I apparently have been saying it wrong this whole time.  Abe Ankumah (Founder and CEO) explained at the opening of the conference that Nyansa is a word from the Akan language out of Ghana.  It means wisdom from learning and is pronounced Knee-ann sah.

The Voyers conference gave us the chance to see a little behind the curtains view of the product as well as some peeking into what was coming, which admittedly got me pretty excited!  Unfortunately I can’t talk about the up and coming stuff as it is not public yet.  You never peek and tell.  Though they are doing some beta testing with customers, so if you are really curious let me know and we can look at getting you added to the beta testing, and then of course you get to see know the secrets.

This was my first chance to meet many of the Nyansa employees in person, and I was not disappointed.  The founders (Abe, Anand, and Dan) were all very nice and down to earth guys.  I was impressed at how eager and willing they were to sit and chat with anybody to discuss their product, or anything else for that matter.  They loved to hear feedback, whether it was good or bad, and were all very appreciative of their customers and partners.

During the conference we heard from Nyansa employees as well as many different customers from different verticals.  It was neat to see how Voyance was used and benefited the different industries like healthcare, higher ed, software and hardware manufacturers, and even ride-sharing companies.

Here are some of my highlights from the conference.
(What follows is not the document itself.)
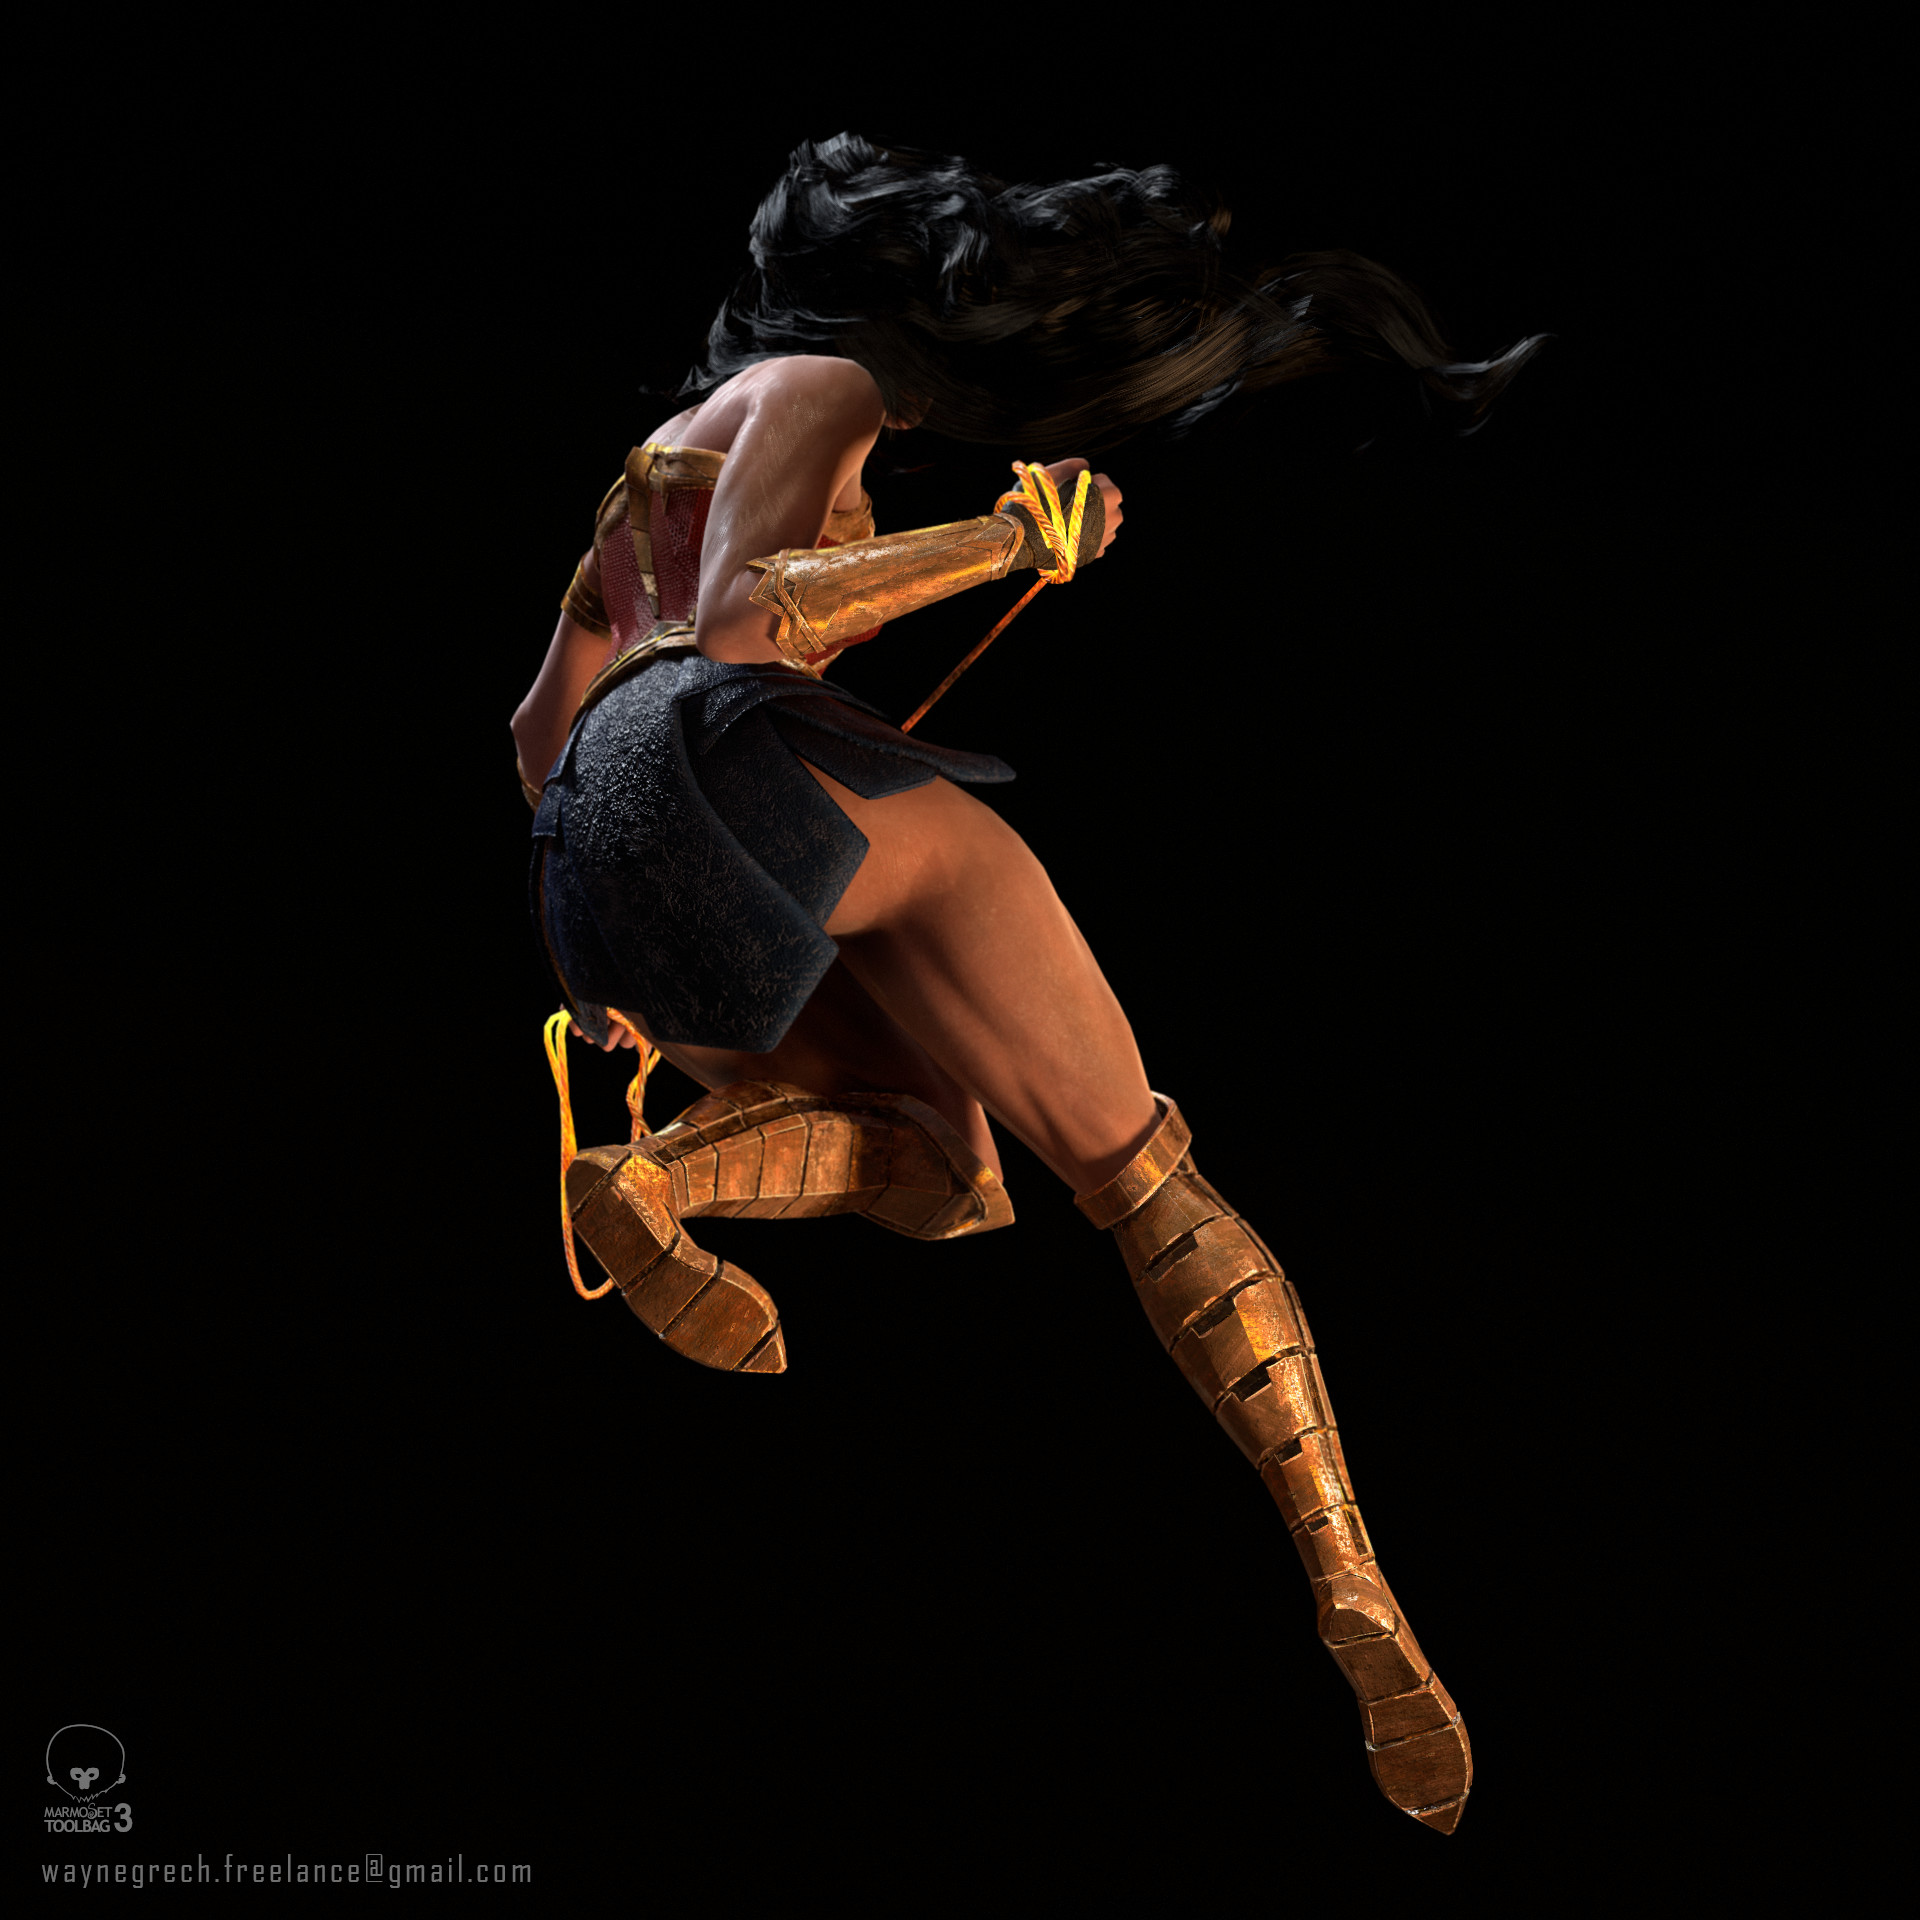 Wayne Grech - Wonder Woman Game Character

Anand Srinivas (Founder and CTO) spoke about what the actual benefits of analytics should be, namely, assisting in your workflow.  Whether that be making the workflow more efficient, or even highlighting a better workflow with the additional data you now have to work with.  I loved the focus on the value of the analytics.  He mentioned specifically that it is not just monitoring or more in depth graphs, but there needed to be added value from the data.  Paraphrasing his words, analytics should do 3 things:

  1. Efficiently answer complex questions (correlating data appropriately)
  2. Proactively recommend real action (based on experience/knowledge)
  3. Verify results and provide feedback

A couple of the customers that spoke (which I won’t publicly name) had some excellent input as well.   One presenter from a software company made the statement “Network performance impacts company culture.”  I thought that was very insightful and absolutely true.  The idea being that employees want to be able to get their crap done.  If the network is slow or down, that not only frustrates employees, but can drastically impact the mood of everyone and the credibility of the IT department.  Often employees will live with issues without telling anyone.  Products like Voyance give information needed to be proactive in addressing issues and allows IT to focus more on the actual business needs, and hopefully positively impacting the overall culture.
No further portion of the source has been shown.